=== Dataset excerpt ===
━━━━

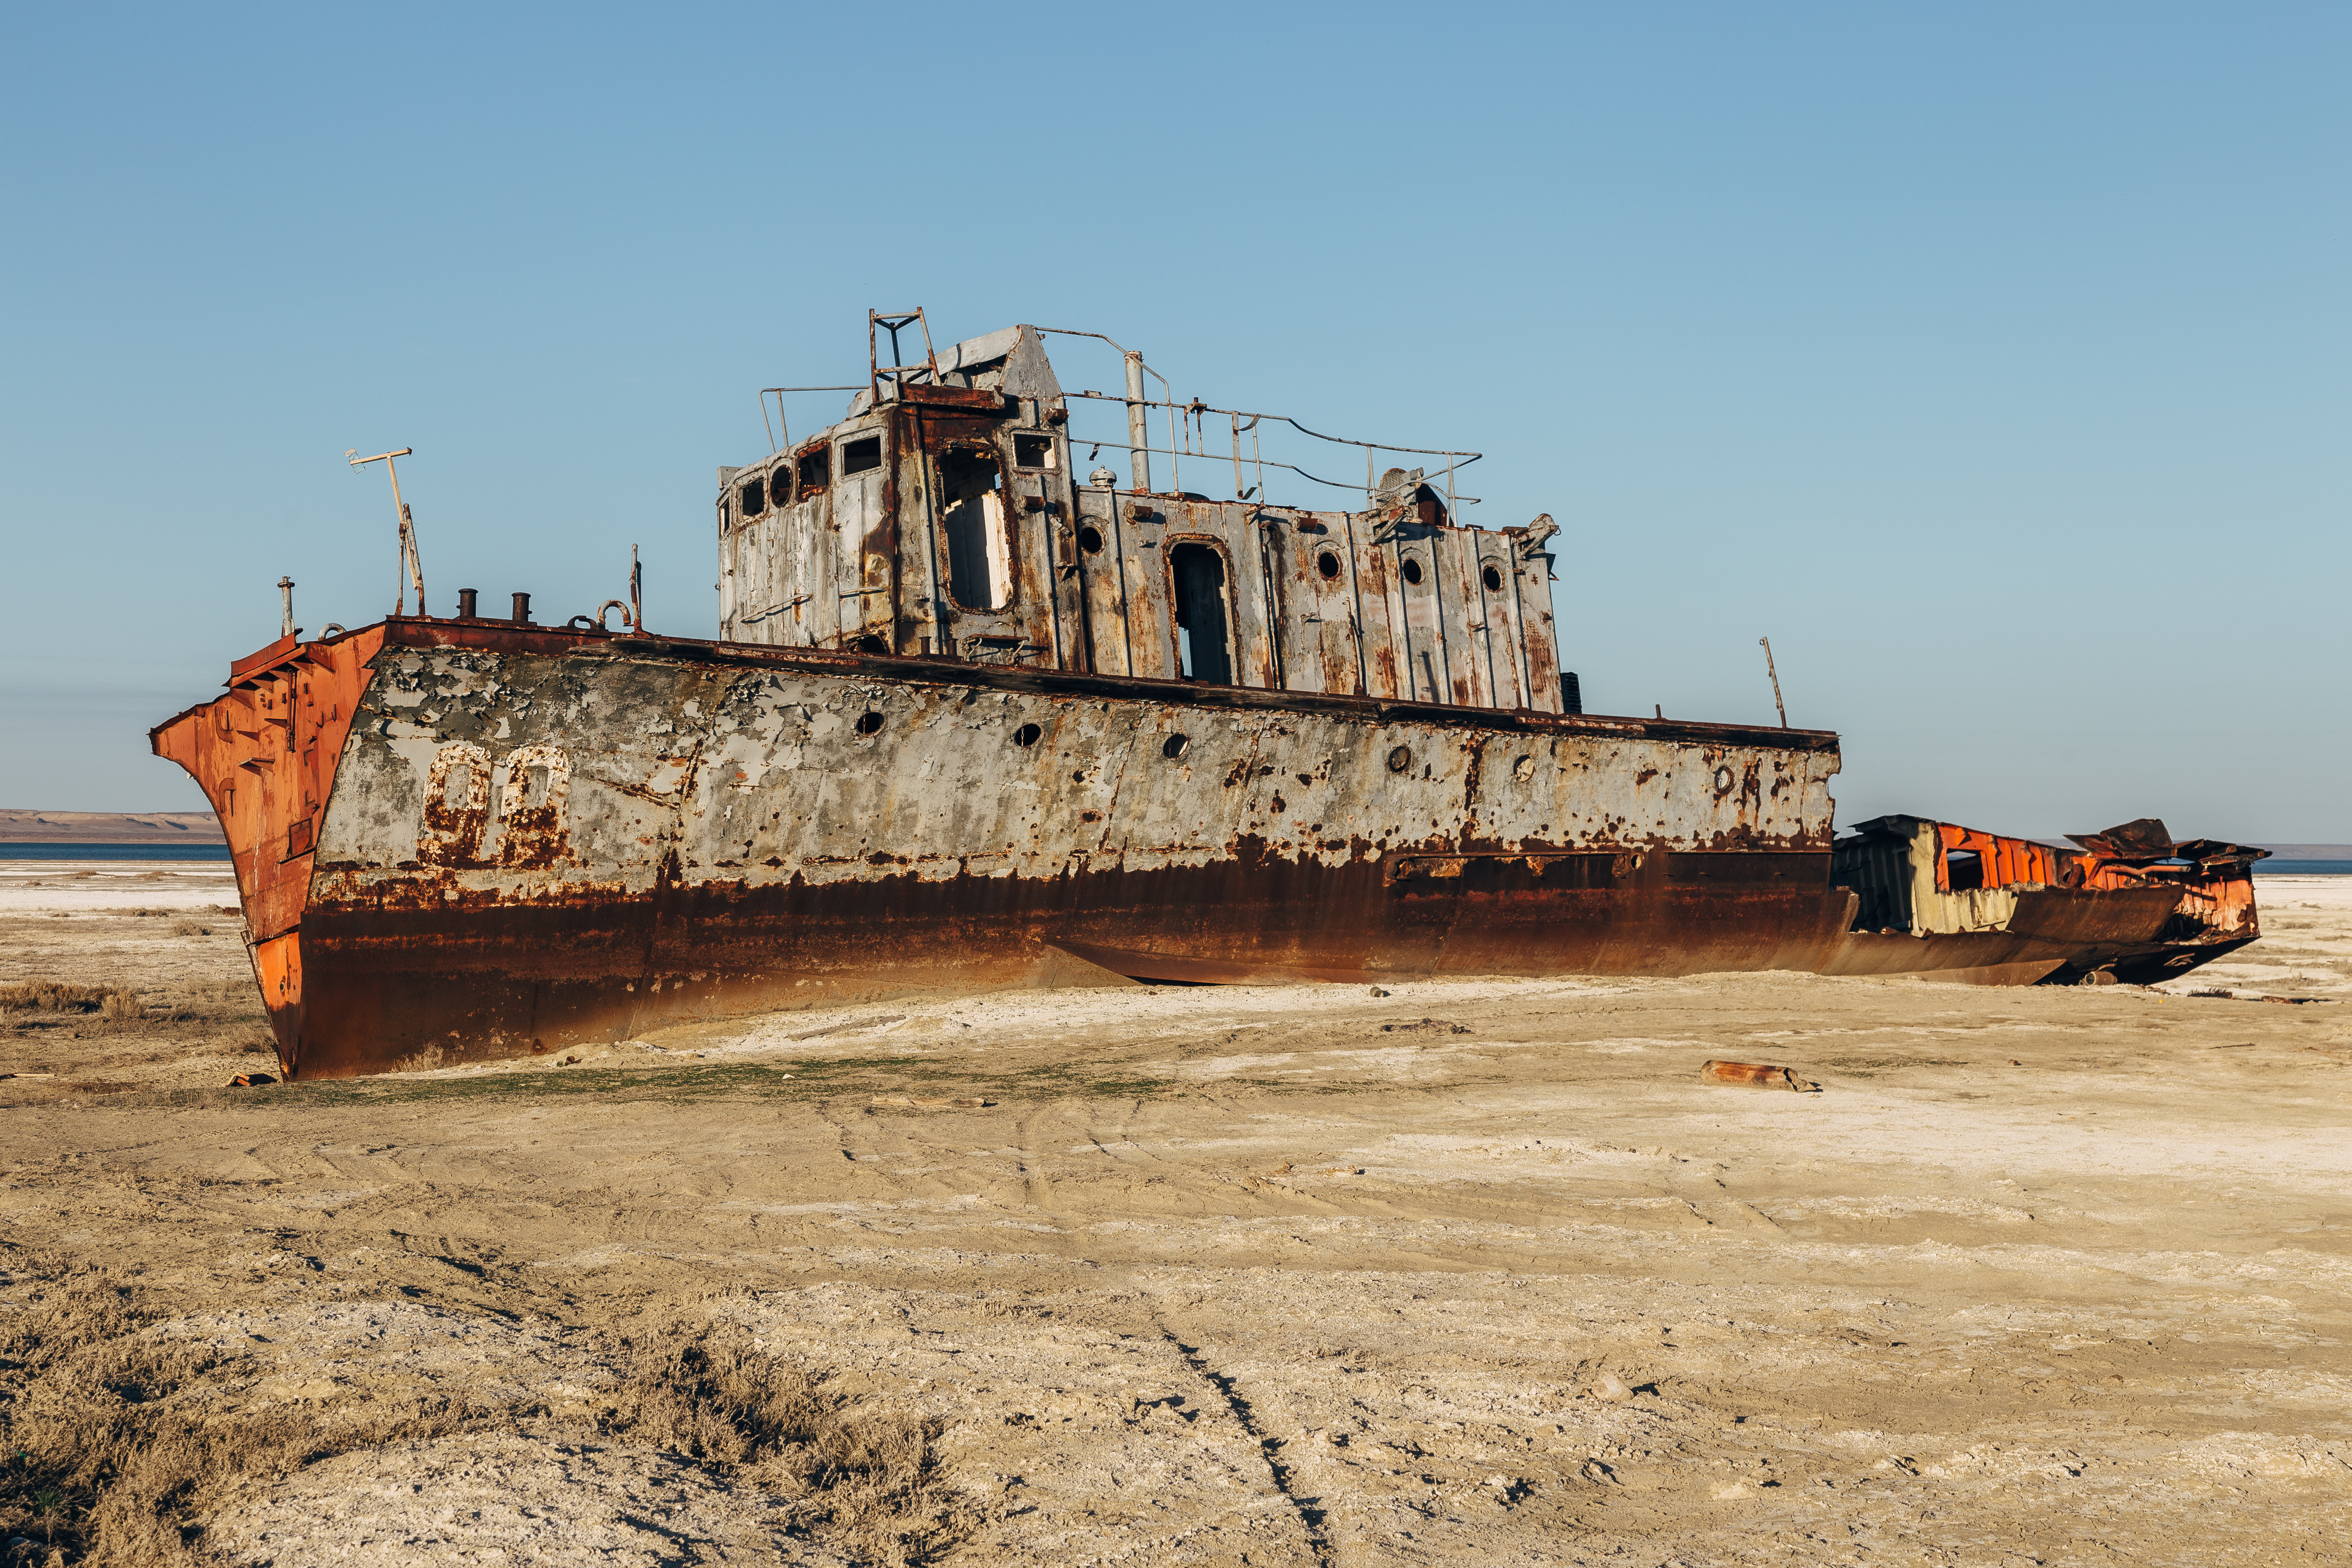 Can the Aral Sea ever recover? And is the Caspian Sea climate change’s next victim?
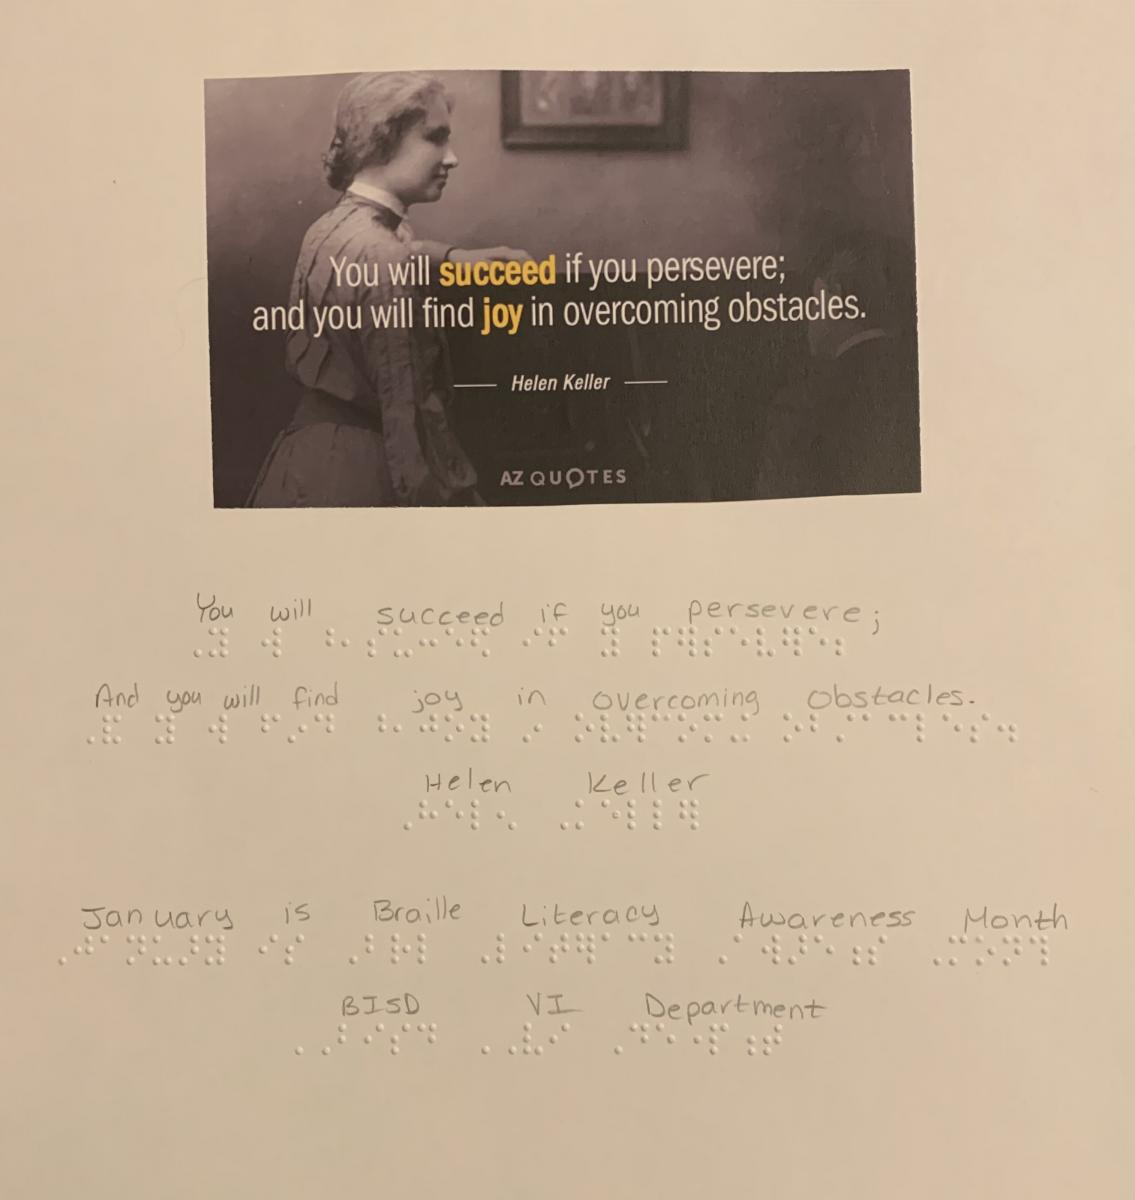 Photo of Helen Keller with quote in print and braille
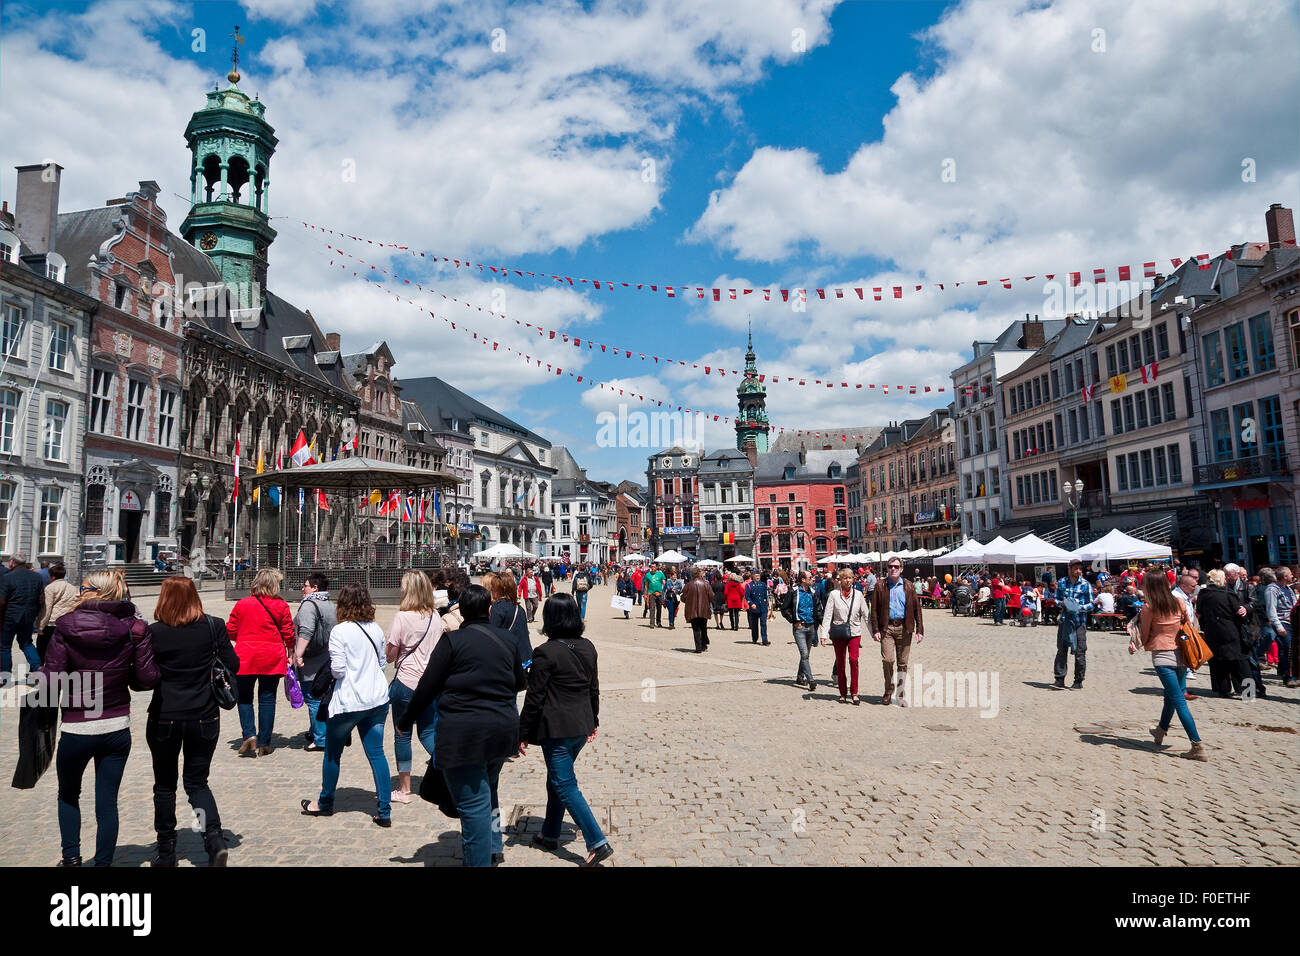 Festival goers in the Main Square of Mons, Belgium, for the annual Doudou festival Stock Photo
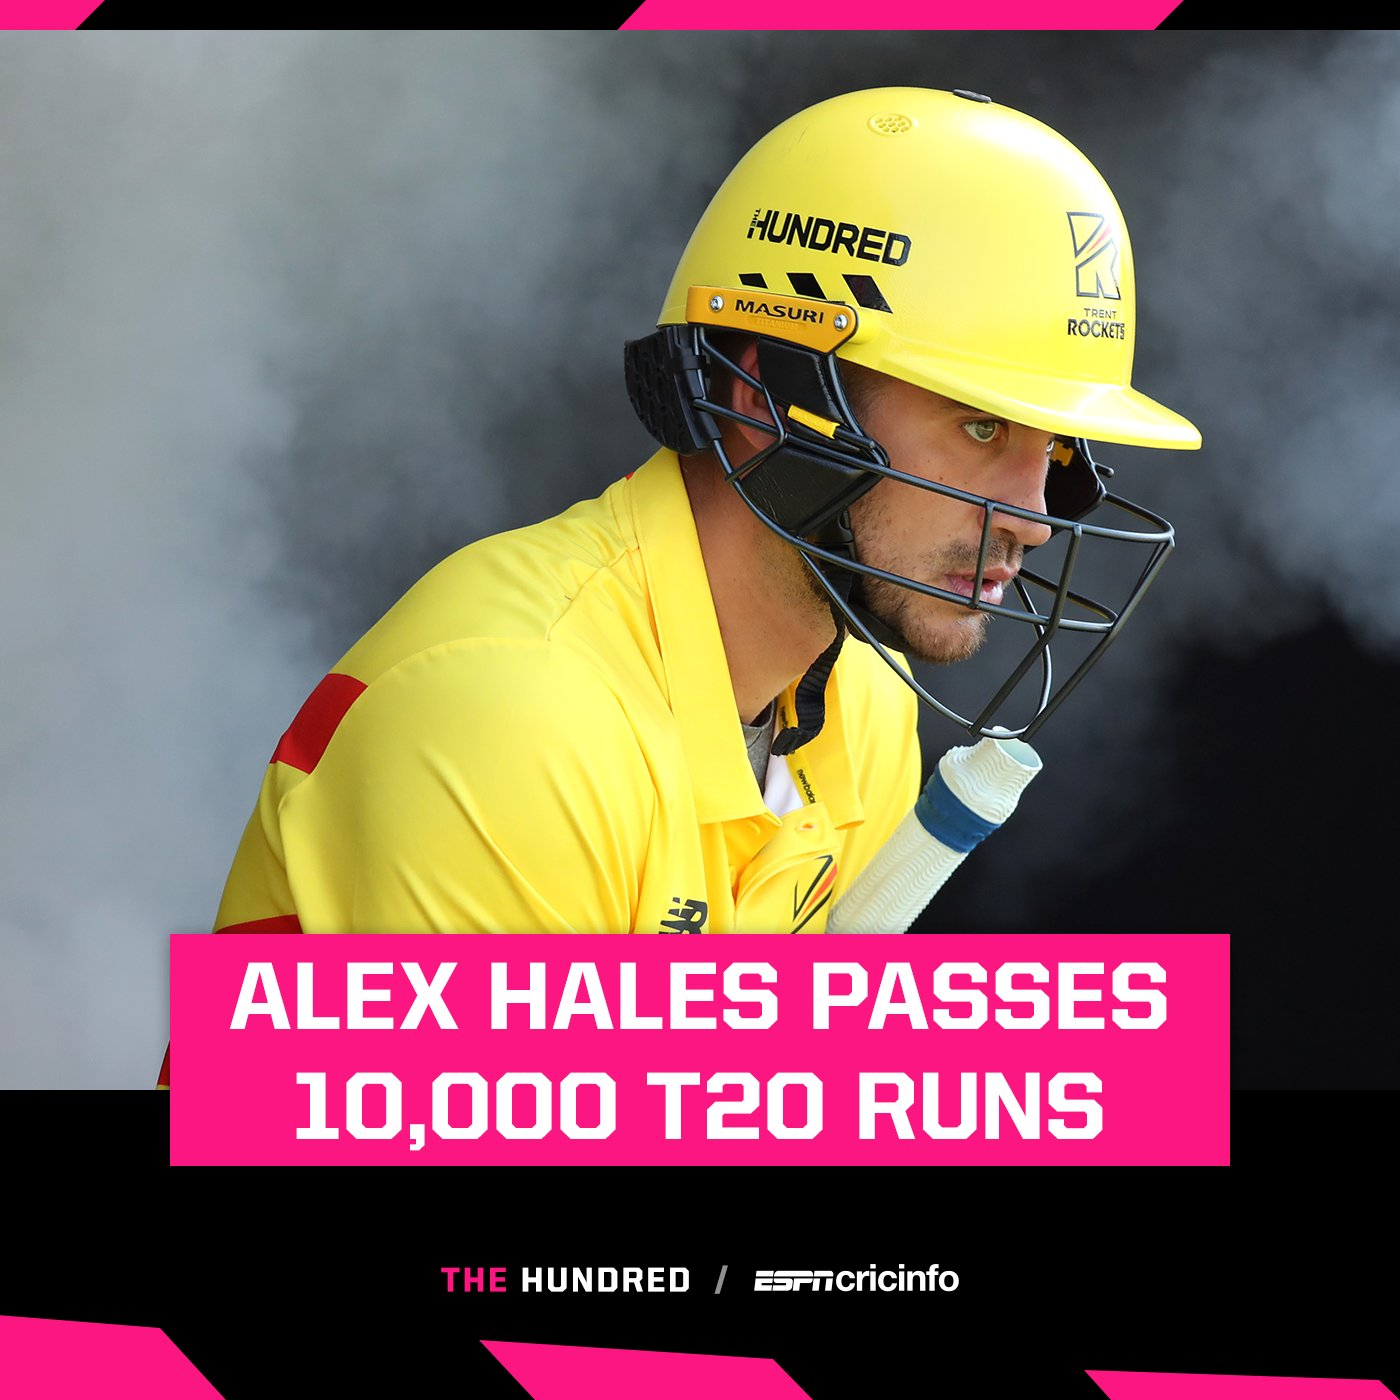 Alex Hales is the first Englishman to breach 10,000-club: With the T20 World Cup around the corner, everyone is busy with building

━━━━

=== Prompt ===
Skip every picture, and give the rest of the material above again exactly.

=== Task answer ===
 Can the Aral Sea ever recover? And is the Caspian Sea climate change’s next victim?
 Photo of Helen Keller with quote in print and braille
 Festival goers in the Main Square of Mons, Belgium, for the annual Doudou festival Stock Photo
 Alex Hales is the first Englishman to breach 10,000-club: With the T20 World Cup around the corner, everyone is busy with building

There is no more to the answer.